The resulting spectrally flattened signal is analyzed for its temporal structure. This structure is analyzed over several frames simultaneously in order to obtain a good balance between required bit rate and modeling capability. The envelope modeling is done by linear prediction in the frequency domain [48, 49].
Since both linear prediction stages yield normalized envelopes, a separate gain parameter is determined and fed to the BSF as well.
3.1.3. SSC Bit Stream
The bit stream formatter receives the data from the analyzers and puts them with headers into a bit stream. Details of the bit stream defined are described in . We will consider the main data only.
The transient data comprises the transient position, transient type, envelope data, and sinusoids. The transient position and type are directly encoded. The envelopes are restricted to a small dictionary. The sinusoids underneath the envelope are characterized by their amplitude, frequency, and phase. Amplitude and frequency quantization can be done with different levels of accuracy. The amplitudes are uniformly quantized on a dB scale with at least 1.5 dB accuracy. The frequencies are uniformly quantized on an ERB scale . For a 1 kHz frequency the accuracy is at least 0.75%. Both amplitude and frequency are Huffman encoded. The phases are encoded using 5 bit uniform quantization.

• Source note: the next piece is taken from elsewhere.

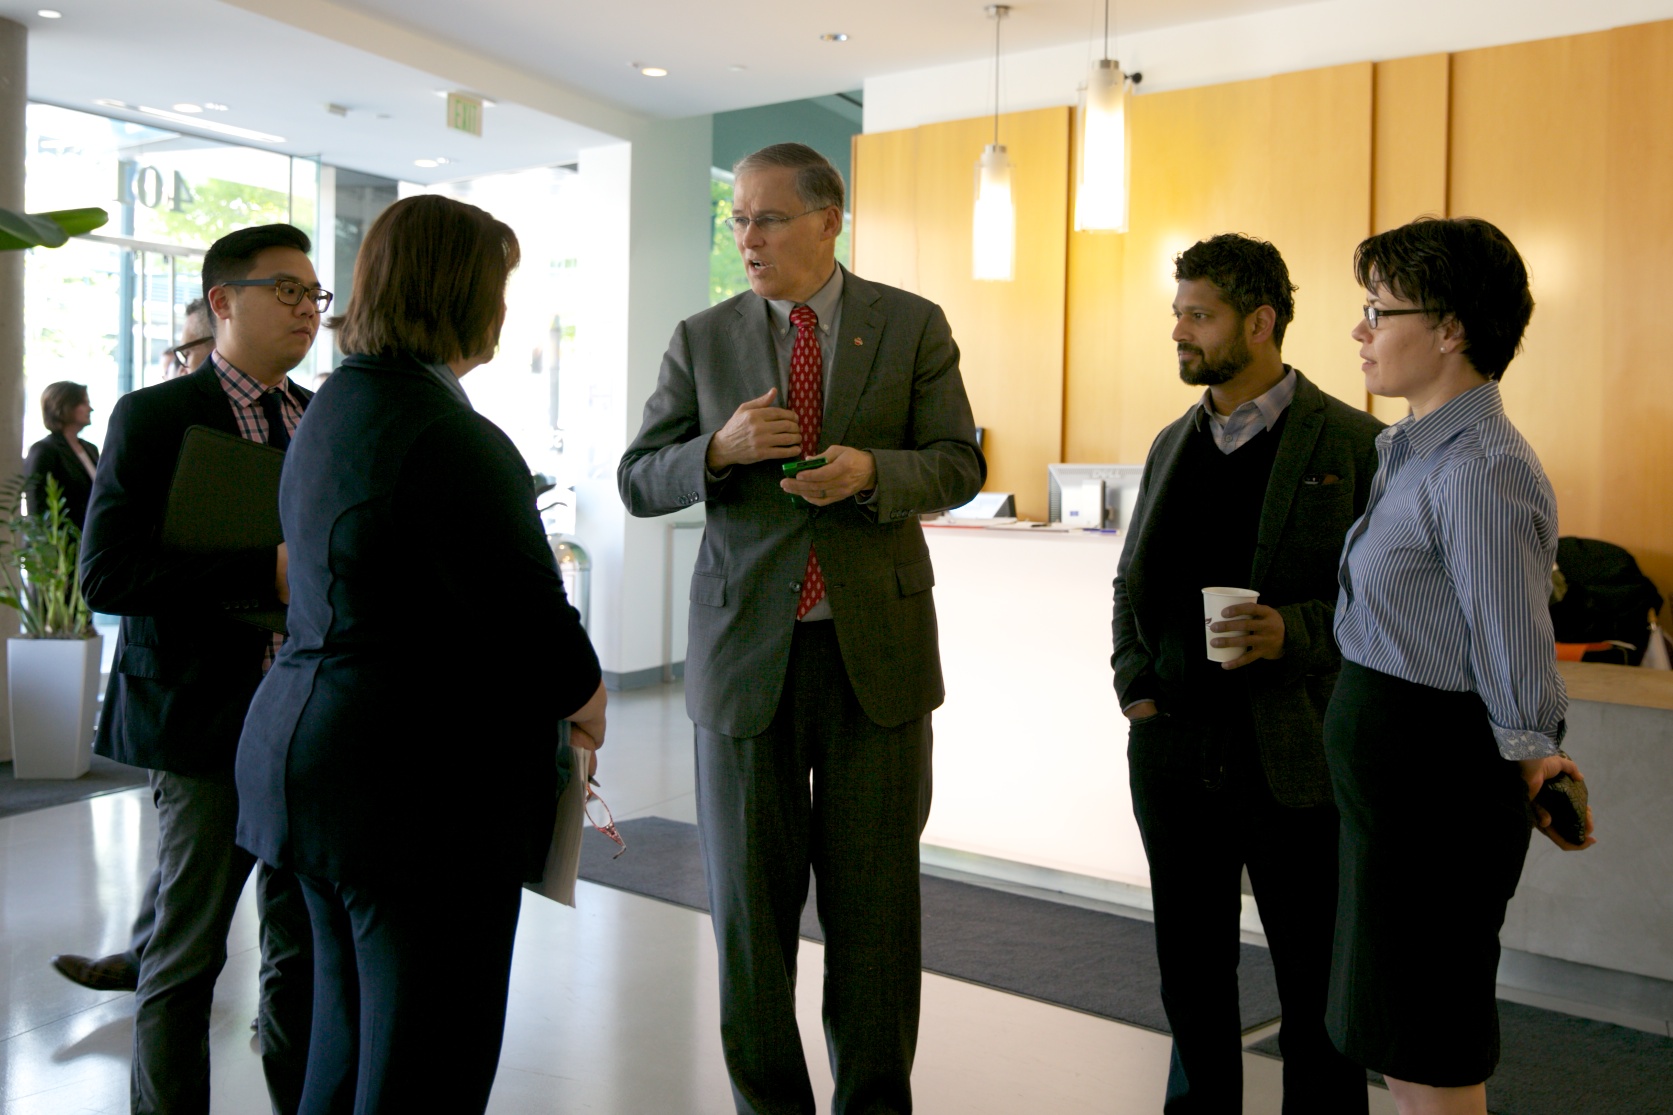 Washington Gov. Jay Inslee, center, chats with two of his staff members, left, and, at right, Dr. Nitin Baliga and Dr. Dana Riley Black, both of Institute for Systems Biology, Institute for Systems Biology/March 16, 2015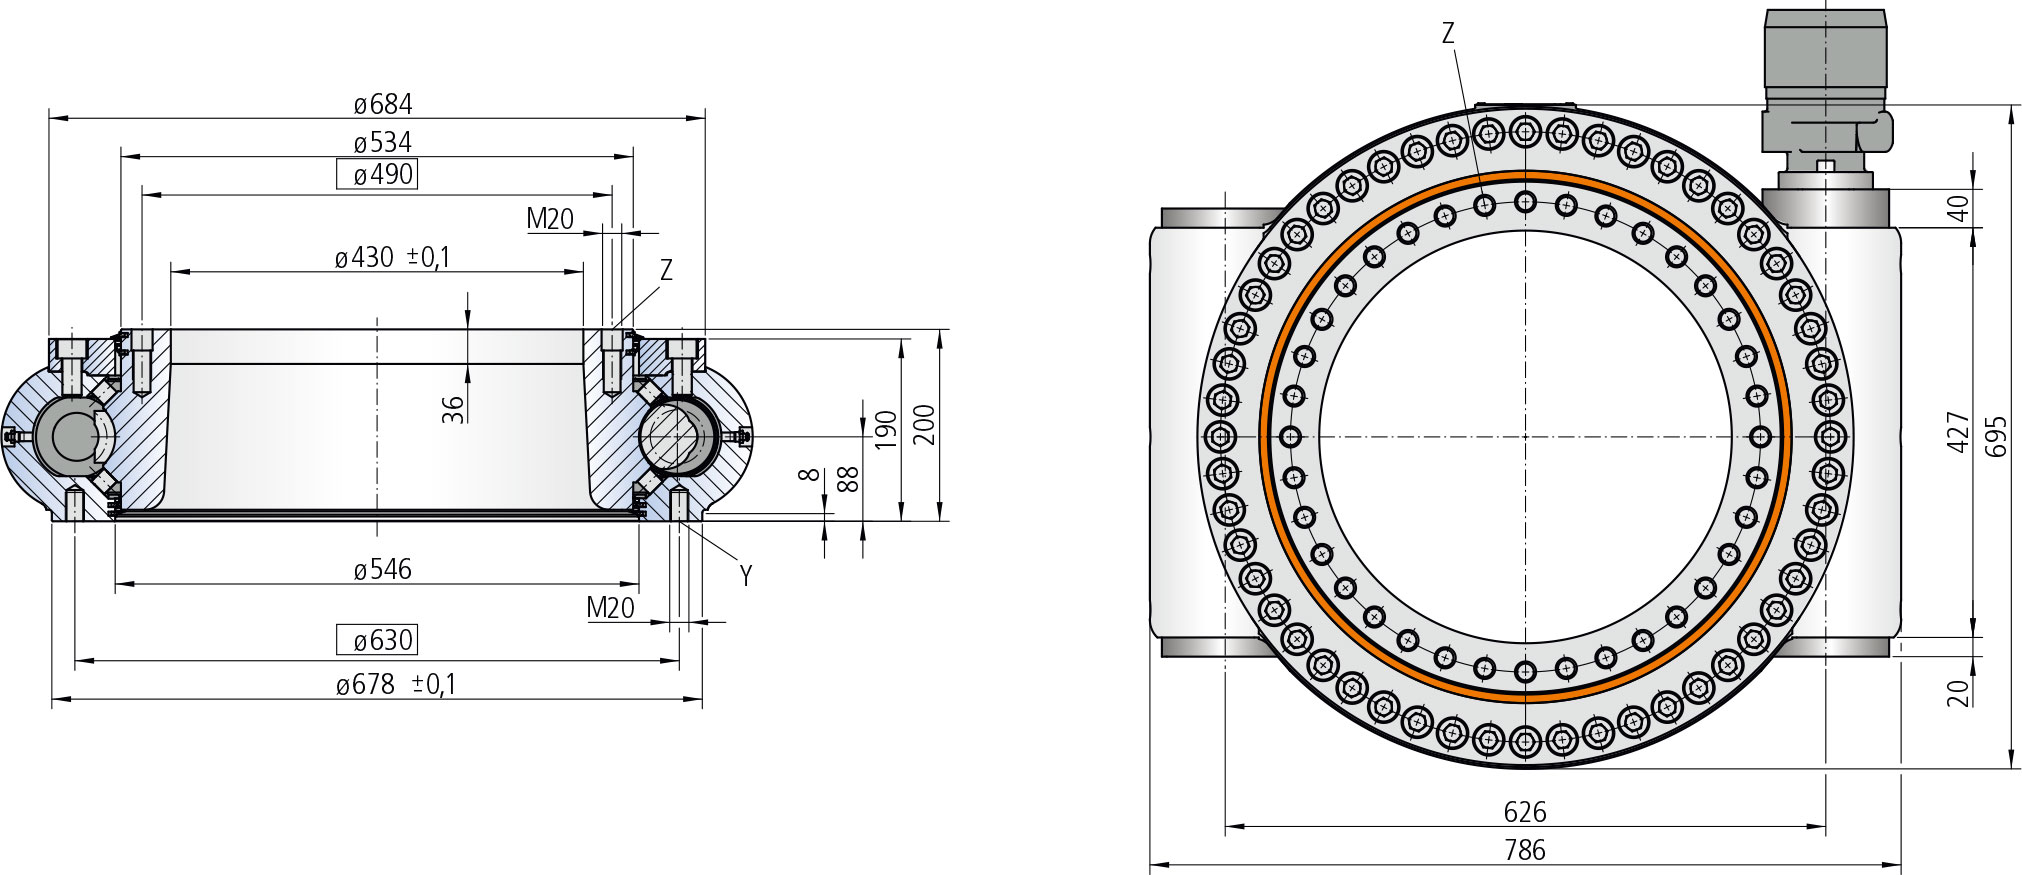 WD-H 0490 / 1 drive WD-H Series cad drawing

The sinusoidal data comprises sinusoidal tracks. This can be divided in start data and track data, that is, everything after the start of a sinusoid until and including its death. The start data are sorted according to ascending frequency, quantized uniformly on an ERB scale and differentially encoded. The amplitude data is sorted in correspondence with the frequencies, uniformly quantized on a dB scale and differentially encoded using Huffman tables. The accuracy of both the amplitudes and frequency quantization can be set to different levels. The start phases are encoded using 5 bits.
The sinusoidal track data consists of unwrapped phases and amplitudes. The unwrapped phase data along a track is a combination of the originally estimated frequency and phase per frame and those from the previous frame (as established by the linking). This unwrapped phase data is input to a 2-bit ADPCM mechanism . The amplitudes are quantized on a dB scale and differentially encoded along a track using Huffman coding.
The noise data consists of three parts: a gain, a spectral, and a temporal envelope. The gain is quantized uniformly on a dB scale and Huffman encoded. The prediction coefficients describing the spectral envelope are mapped onto Log Area Ratios (LARs) and quantized with an accuracy according to index number. The prediction coefficients describing the temporal envelope are mapped to Line Spectral Frequencies (LSFs) and quantized.
Most of the data is updated every 384 samples for 44.1 kHz input signal, other data has an update being a multiple of this. The update of 384 samples corresponds to a subframe. Eight consecutive subframes are stored into one frame of the bit stream.
3.2. Parametric Stereo Coding
Since most audio material is produced in stereo, an efficient coding tool should also exploit the redundancies and irrelevancies of both channels simultaneously. Since it is not straightforward to use standard stereo coding tools like mid/side stereo  and intensity stereo  in conjunction with parametric coding, and since the aim also was to develop a general stereo coding tool for low bit rates, the novel Parametric Stereo (PS) tool was developed where the stereo image is coded on the basis of spatial cues. The PS tool as standardized in MPEG was developed in 2003 and primarily aimed to enhance the performance of SSC and HE-AAC at low bit rates.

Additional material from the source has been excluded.